Aviation’s black box

ICAO is heavily industry dominated, and is one of the UN’s least transparent bodies, as Chloé Farand reported recently for Climate Home News.

ICAO uses a non-disclosure agreement to prevent leaks of documents from its from its committee on aviation environmental protection. Documents are kept on a secure portal. Accredited observers can only access documents once they have signed the agreement.

Farand explains that,

Under the agreement, observers “indemnify Icao from and against any and all actions, claims, losses, damages, liabilities and expenses” arising out of the disclosure of any information provided in the meetings. They do so “without limitation”.

In theory, this means leakers could be made to pay out vast financial claims made by airlines against the UN body as a result of documents becoming public.

Observers to ICAO’s meeting are heavily weighted towards industry. Farand writes that,

Six trade associations and lobby groups are accredited as observers to the meetings, according to participants lists dated between 2010 and 2019 obtained by CHN. NGOs are permitted to attend the meetings under a single observer delegation, the International Coalition for Sustainable Aviation.

Only six NGOs have signed up to the oxymoronic International Coalition for Sustainable Aviation:

None of these NGOs actively campaigns against offsets. At least two of them (EDF and WWF) actively campaign for offsets.

Alternative aviation fuels

ICAO plans to use “alternative” aviation fuels, supposedly to reduce emissions. But in 2018, ICAO decided that fossil fuels from newer oil wells, that need less energy to extract, can qualify as “alternative” aviation fuel. And if a refinery uses renewable energy, the oil can quality as “alternative” fuel.

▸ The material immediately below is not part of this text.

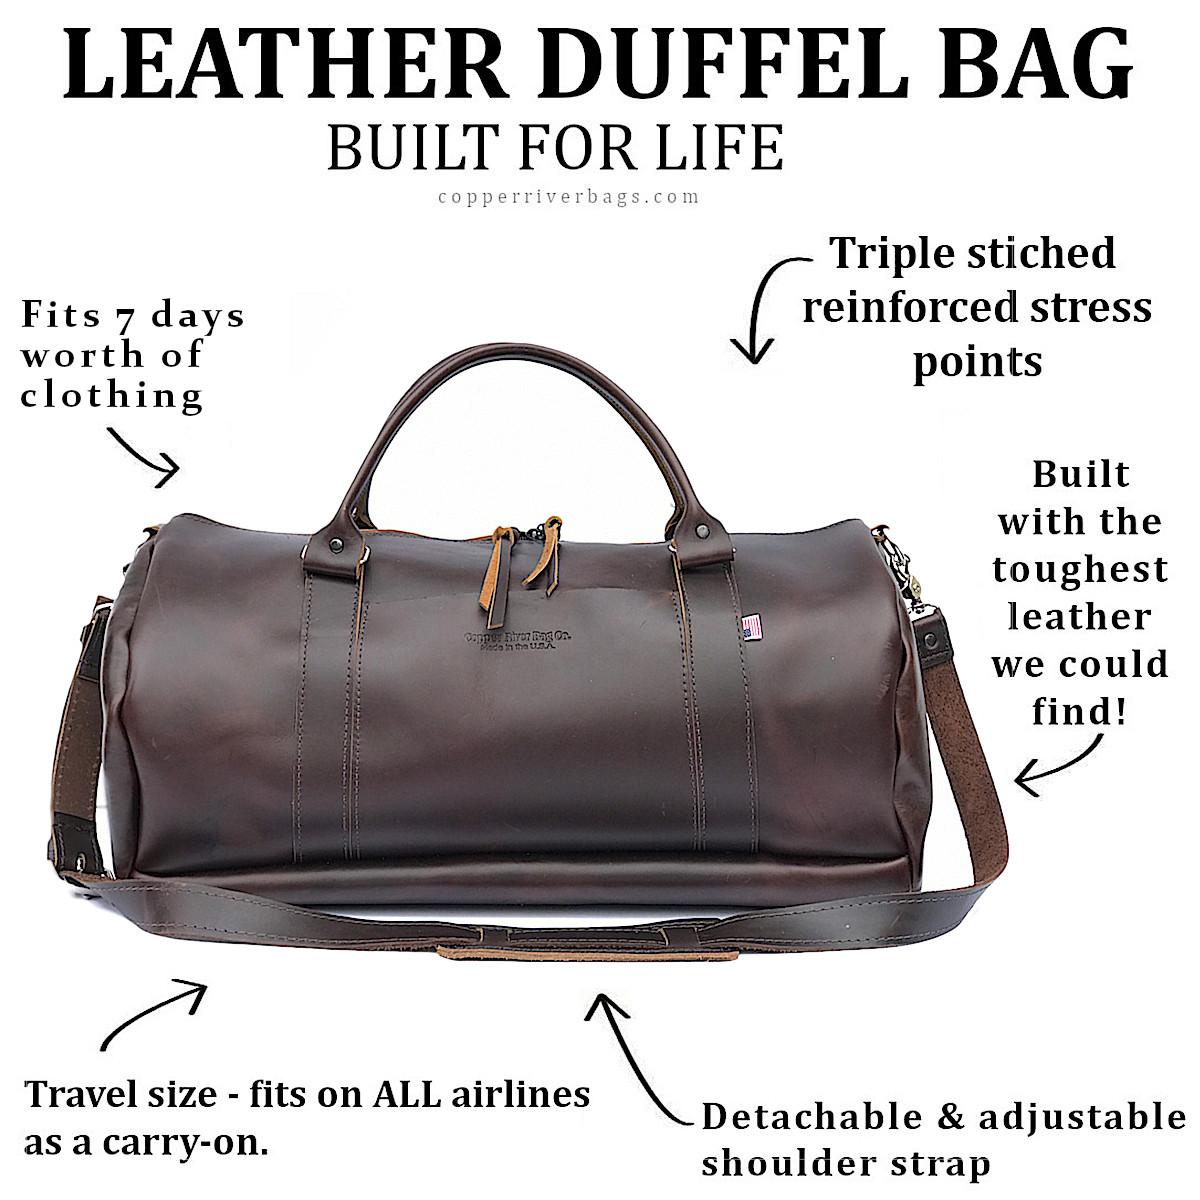 copper-river-duffel-bag-google-disply-ad-logo-1200-x-1200-08976954.jpg

The cheapest and most available biofuels for aviation are manufactured from palm oil and soy oil. Plantations of oil palm and soy have resulted in large scale deforestation. A 2016 study produced for the European Commission found that biofuels were worse for the climate than fossil fuels.

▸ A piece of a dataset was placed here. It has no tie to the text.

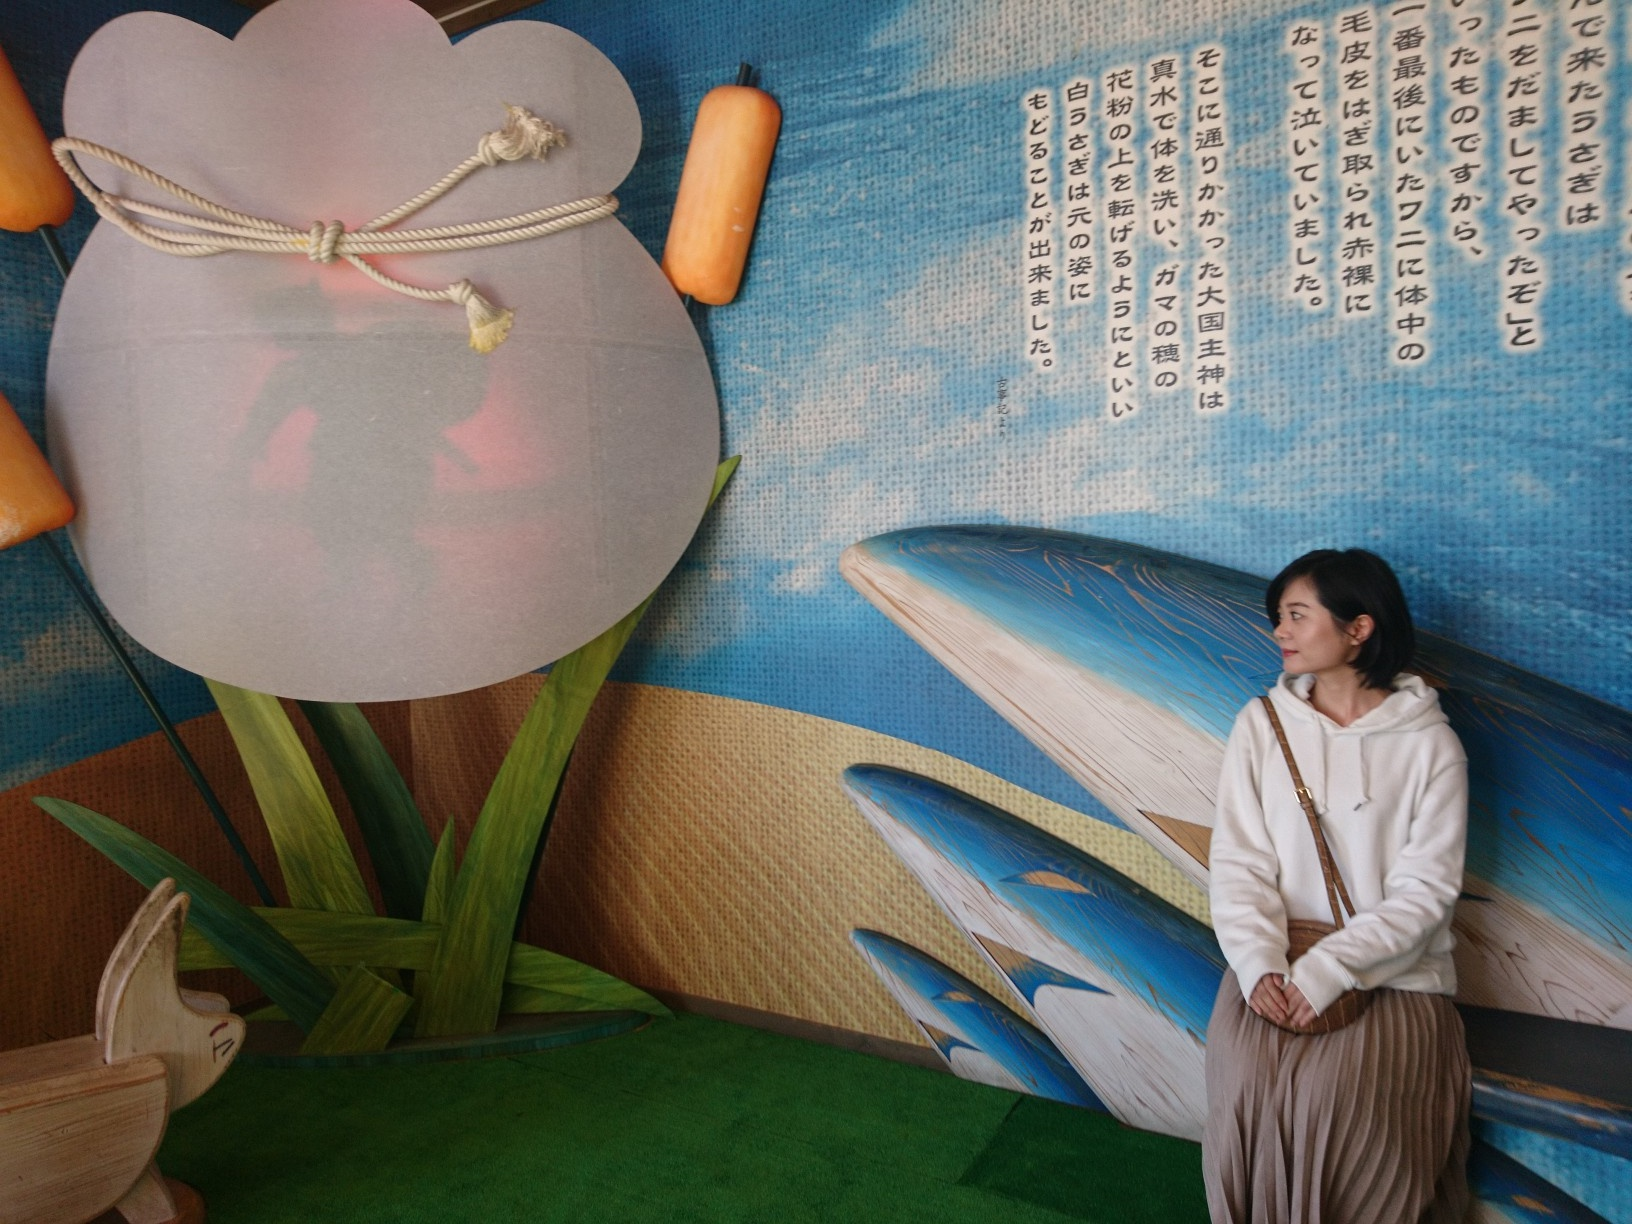 ≪関西・日帰り旅行≫鳥取旅 最後は神話&恋人の聖地で健康・良縁祈願☆ _1

A report put out this week by Rainforest Foundation Norway warns that the increased demand for palm and soy oil to meet the aviation sector’s demand by 2030 could result in 3.2 million hectares of tropical forest loss.

Biofuelwatch notes that, “CORSIA sustainability criteria for aviation biofuels are woefully inadequate.”

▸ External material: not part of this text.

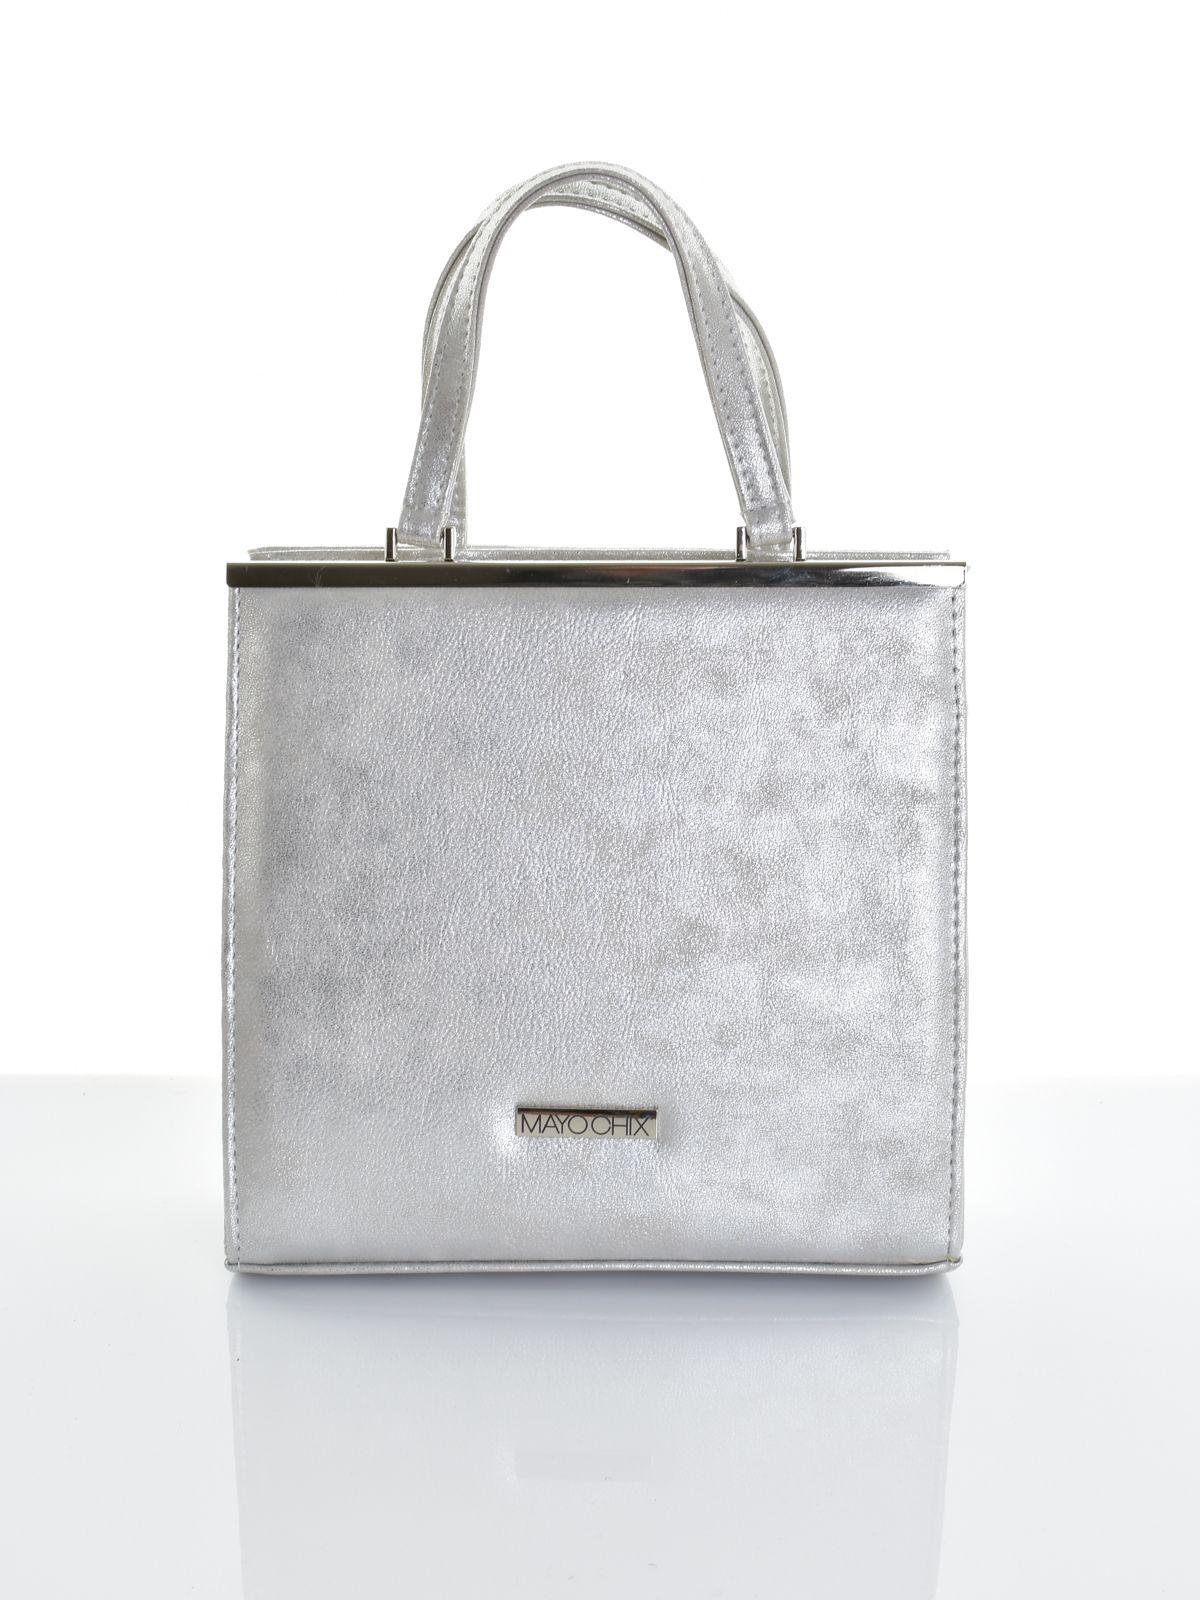 a351c3217efc Mayo Chix női táska EDITTA | Markasbolt.hu Hivatalos Mayo Chix ...

Forest carbon offsets are unstable and unreliable

“CORSIA would allow virutally unlimited quantities of forest offsets,” Biofuelwatch writes.

Certainly we need to protect the world’s remaining forests, and forest restoration is an imperative, but we cannot use forest growth and management as “permits to pollute.” The climate is in crisis and we must urgently both reduce (aviation and other) emissions AND protect and restore forests. We cannot play one off against the other!

Offsetting emissions from flying against the carbon stored in forests runs the risks that the forest carbon will be released through wildfires, droughts, floods, pest invasions, illegal logging, geopolitical and economic dynamics, and the impacts of climate breakdown.

The recent fires in the Amazon highlight the dangers of relying on tropical forests to offset emissions.

Biofuelwatch notes that CORSIA’s Technical Advisory Board has invited existing offsetting schemes to apply for assessment against the CORSIA Emissions Unit Eligibility Criteria. It received 14 applications, including the Clean Development Mechanism, the World Bank’s Forest Carbon Partnership Facility, and Kevin Conrad’s Coalition for Rainforest Nations.

Stop flying!

Biofuelwatch’s briefing ends as follows:

The time for pretending that forests in the tropics can clean up our pollution or that biofuels are a solution is long past. Air travel “business as usual” is incompatible with stabilising our climate. Real and effective solutions are urgently needed.

The philosopher Peter Singer, professor of bioethics at Princeton University, describes climate action as “one of the great moral challenges of the 21st century, perhaps the greatest moral challenge. It’s a terrible thing that we’re doing ethically. If we’re not acting, we are endangering people.”

There are a couple of important things that we can do as individuals to reduce our carbon footprint. One is to eat less meat (or even better, go vegan), another is to fly less (or even better, stop flying).